По данным Е.И. Ливадо, А.К. Акимовой и А.А. Габриеляна, Р.Н. Азаряна (1989) у слепых и слабовидящих школьников плоскостопие встречается от 30 до 53,8 %. В связи с трудностями подражания и овладения пространственными представлениями нарушается правильная поза при ходьбе, беге, в свободном движении, в подвижных играх. Поза детей с остаточным зрением при чтении и письме с низко опущенной головой, монозрение, нарушение бинокулярного зрения отрицательно влияют на развитие дыхательной системы, опорно-двигательного аппарата, ведут к кривошее, к сколиозам, остеохондрозам в шейном отделе и другим нарушениям. По нашим данным (исследования 1998г.) у 79% слепых и слабовидящих детей Санкт-Петербургской школы отмечаются различные нарушения осанки и сколиозы. Наличие первичного дефекта не говорит о том, что у аномального ребенка должен развиться вторичный дефект. Это зависит от социальных условий развития ребенка и от многих других факторов, описанных выше. Наша задача - предупредить развитие вторичных отклонений опорно-двигательном аппарате, сердечно-сосудистой и дыхательной системах, рационально используя средства ЛФК.

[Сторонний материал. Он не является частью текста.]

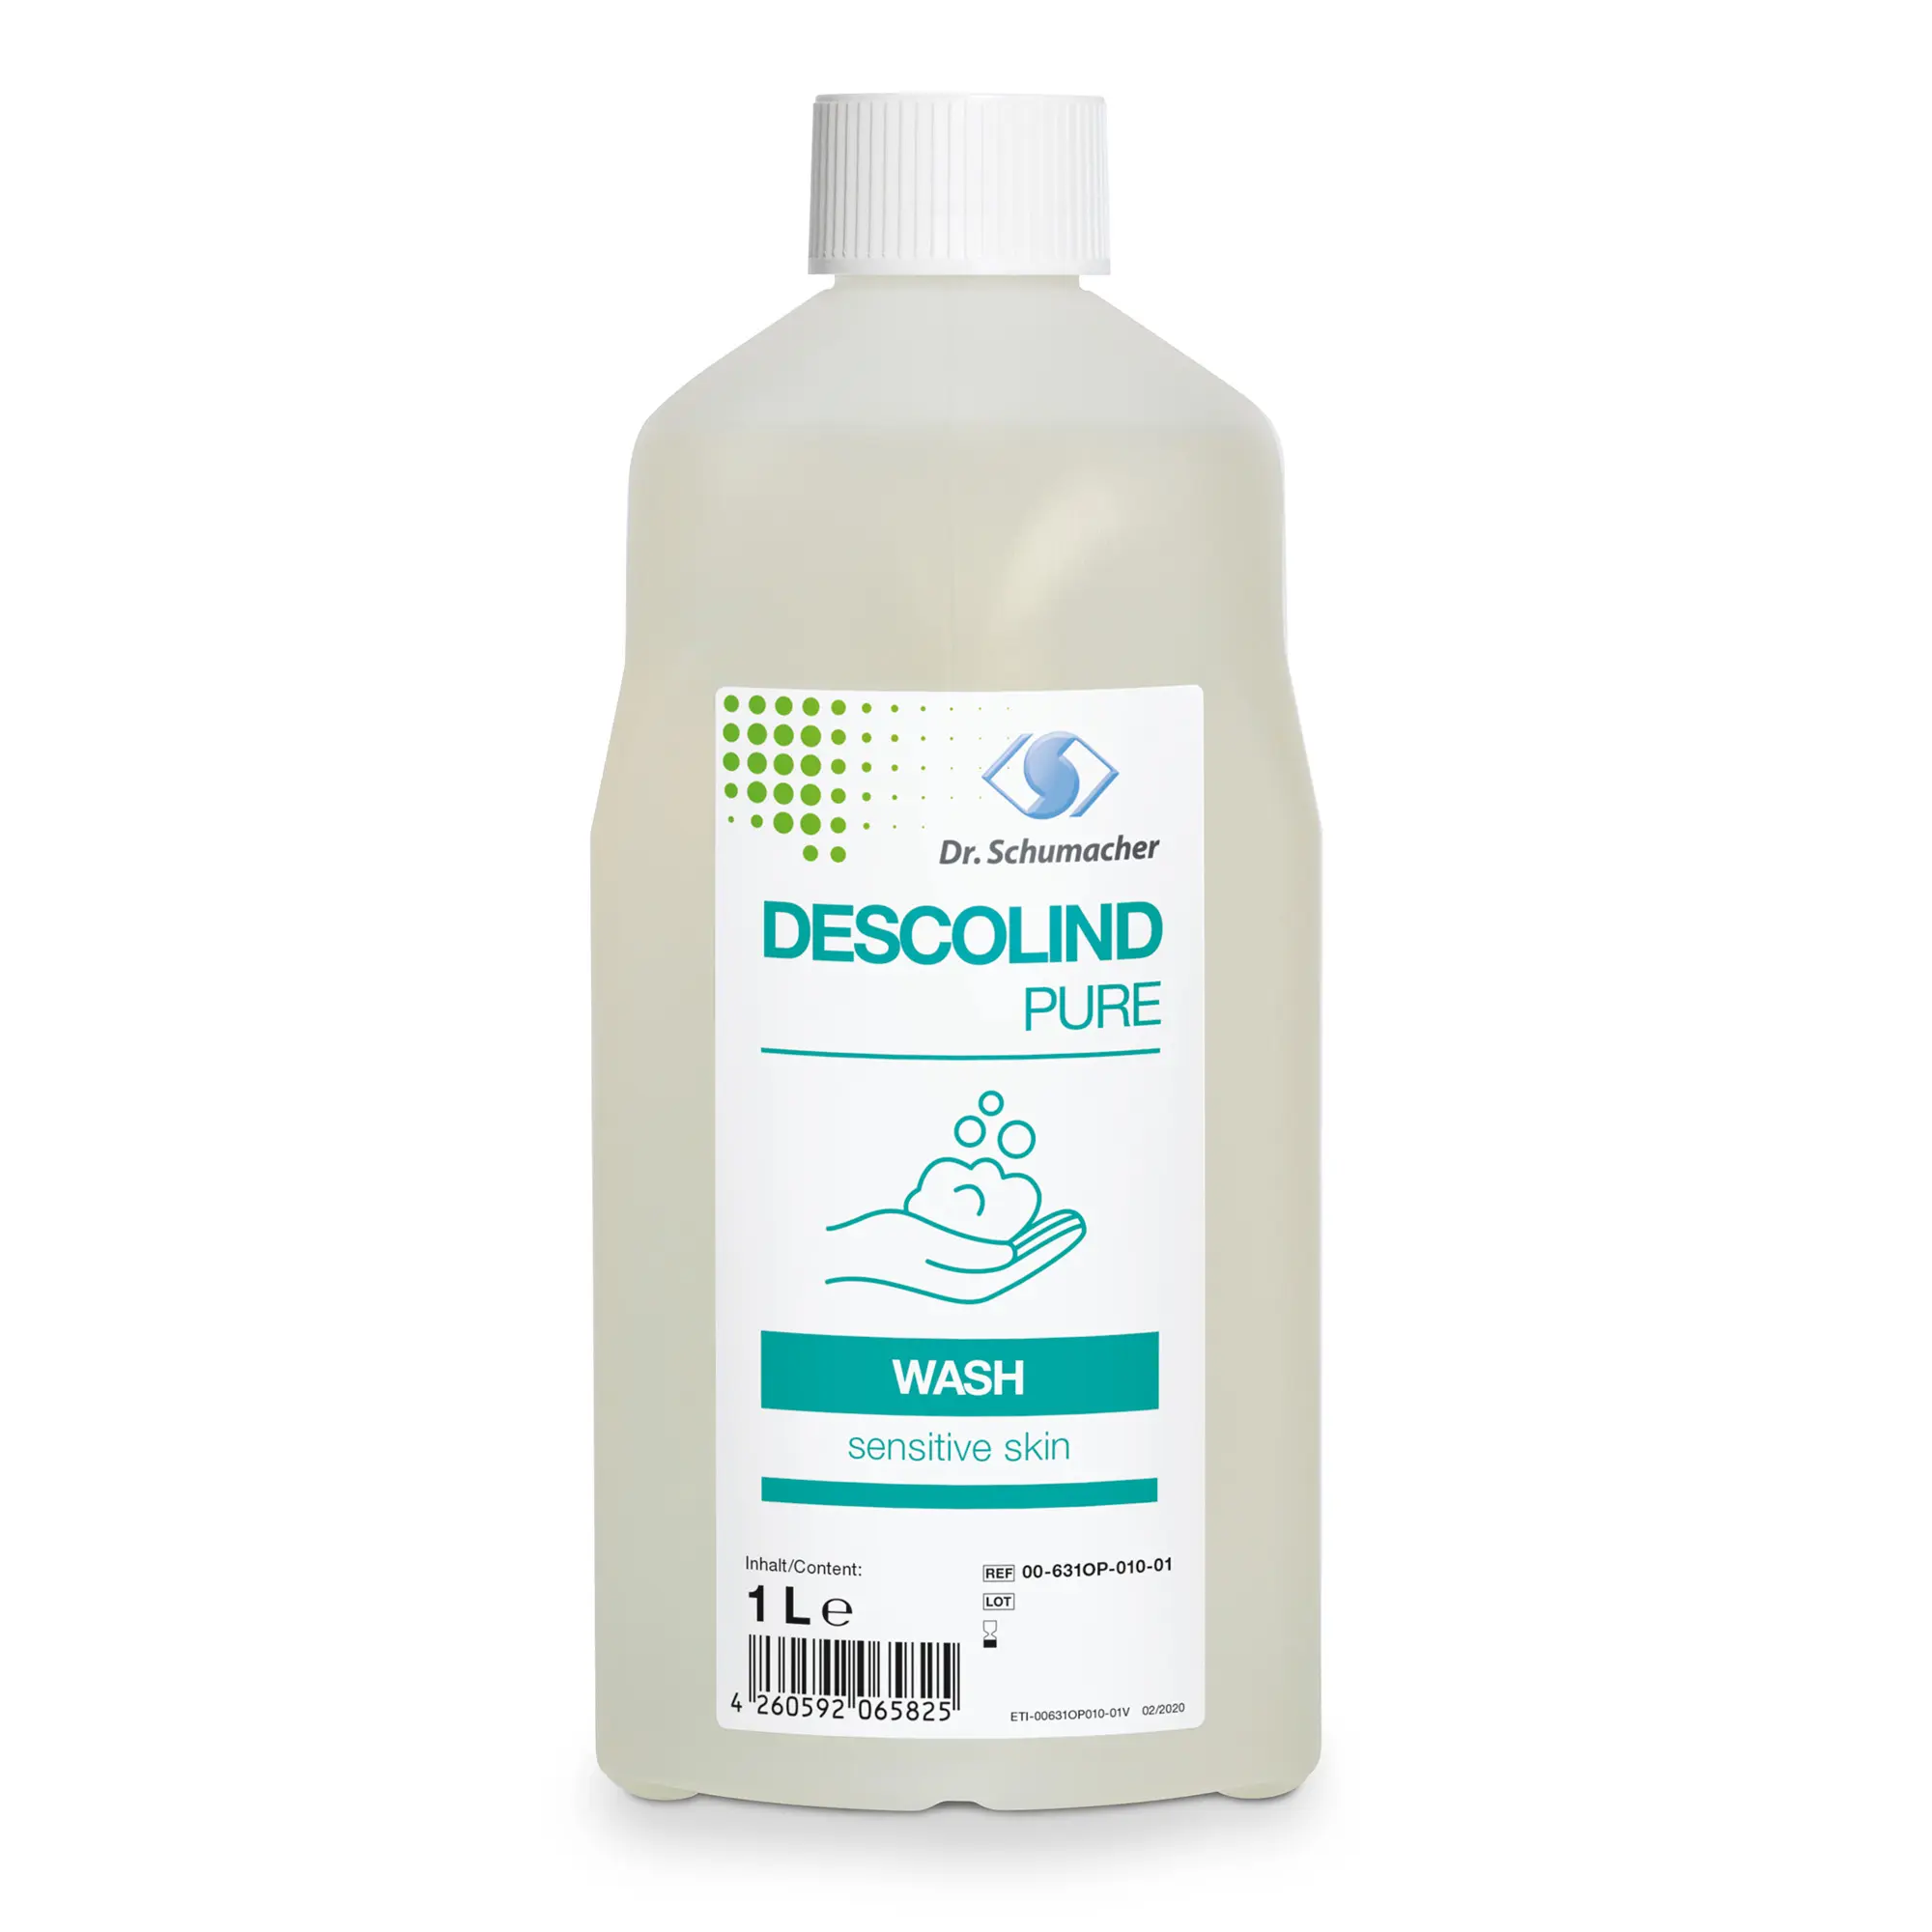 Dr. Schumacher Descolind Pure Wash Waschlotion 1 Liter 00-631OP-010-01_1

Все вышесказанное и наш опыт привели нас к пониманию причин возникновения вторичных отклонений в физическом развитии детей с глубокой патологией зрения, которые можно разделить на две группы. Первая группа:- Наличие сопутствующих заболеваний (ЗПР, ДЦП, нарушение эмоционально-волевой сферы, соматические заболевания и прочие); - нарушение у незрячего ребенка пространственных представлений, а отсюда - пространственной ориентировки; - отсутствие обратной визуальной связи с внешним миром, а, следовательно, отсутствие подражания; - незаконченность болезненного процесса, с которым дети приходят в школу (у некоторых наблюдается прогрессирование ведущего заболевания и его влияние на другие психические процессы). Вторая группа: - Небольшой запас предыдущего сенсорного восприятия, полученного в дошкольном периоде; - подверженность детей-инвалидов по зрению факторам гиподинамии и гипокинезии. В связи с этим данная категория детей находится в вынужденных условиях дефицита двигательной активности; - отсутствие мотива к формированию правильной осанки, позы, двигательных навыков, умений; - отсутствие социальных условий для гармоничного физического развития ребенка; - неадекватное отношение взрослых, окружающих ребенка, к вторичным отклонениям в его физическом развитии.